Giorgio Di Noto, Tiane Doan na Champassak, Eduardo Serafim
Matière visible
Le développement majeur des technologies de surveillance et leur élargissement à la sphère privée s’accompagnent d’une diffusion instantanée et continue sur internet. A cela s’ajoute une prolifération, depuis une dizaine d’années, de sites de recherche ou de partage d’images et de vidéos. Cette mise en commun d’images permet à l’artiste une nouvelle accessibilité aux ressources visuelles. Cet état de fait provoque une nouvelle manière de faire et de voir la photographie contemporaine, de penser le rapport entre image et présence, et de remettre en question les liens entre photographie et pouvoir.

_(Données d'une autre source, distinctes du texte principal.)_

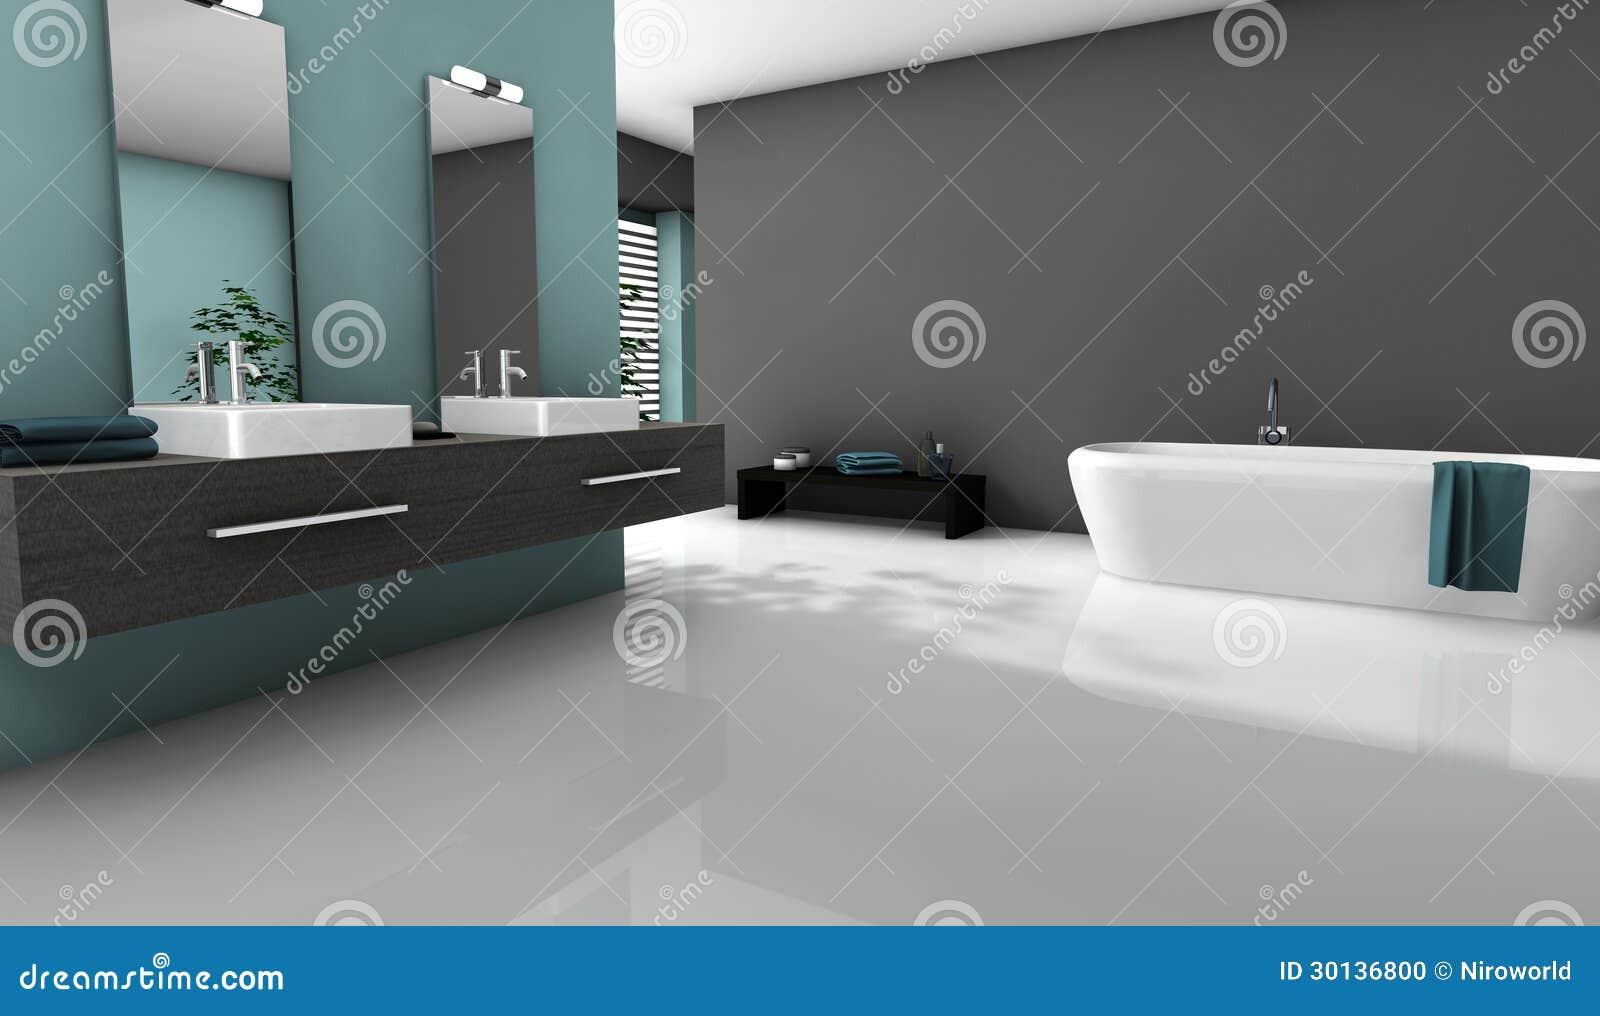 Dise o del hogar del cuarto de ba o foto de archivo for Todo el diseno del hogar

L’intérêt est de confronter ici des visions qui traduisent des tendances parfois opposées mais qui explorent des thèmes communs : d’un côté la surveillance extrême, la transparence de la réalité contemporaine face à l’œil du pouvoir — vision du haut -, de l’autre la totale accessibilité à la production et mise en circulation des images et le développement d’un autre regard — vision du bas. La vision orwélienne de Big Brother se fond aujourd’hui dans une version hypertechnologique du panoptisme où d’un côté le pouvoir est lié au contrôle de l’espace public et privé mais surtout à la visibilité et au contrôle des images et de l’autre se confronte à une hyperdémocratisation avec la possibilité de documenter et de partager les images. La période est remarquable car chacun peut enregistrer et rendre visible largement son histoire.
Les trois séries présentées dans cette exposition s’inscrivent dans cette logique d’appropriationnisme digital permise par une hyper-accessibilité aux images de l’autre. Giorgio Di Noto, Tiane Doan na Champassak et Eduardo Serafim mettent ainsi à profit les richesses que leur offre internet. Ils font le choix de recycler l’existant en s’appropriant ce qui apparaît sur leur écran et en le transformant. Ils s’inscrivent ainsi dans des logiques qui sont à l’œuvre depuis bientôt cent ans dans le champ de l’art: désacralisation du faire artistique au profit d’une célébration du choix de l’artiste.
Les deux séries «Looters» (Tiane Doan na Champassak) et «I Wish You Where Here» (Eduardo Serafim) ont pour point de départ des images issues de caméras de télésurveillance, publiques pour la première et privées pour la seconde. L’instrument du contrôle est ici détourné et offre un point de vue nouveau pour observer et mettre en discussion la réalité du contrôle, repenser et problématiser le sens de la vision.
Giorgio Di Noto travaille à partir d’images produites par les protagonistes mêmes des printemps arabes pour créer, sans aucun contact avec les lieux ni les acteurs des événements, un récit imaginaire des révoltes arabes. Il s’agit en fait d’un essai visuel sur la photographie, les clichés photographiques, le photo-journalisme, la propriété des images. Giorgio Di Noto ne prétend pas révolutionner le photo-journalisme, mais du moins il interroge sa pratique. Avec «The Arab Revolt», il prend acte du développement du numérique et des pratiques amateures qui en découlent.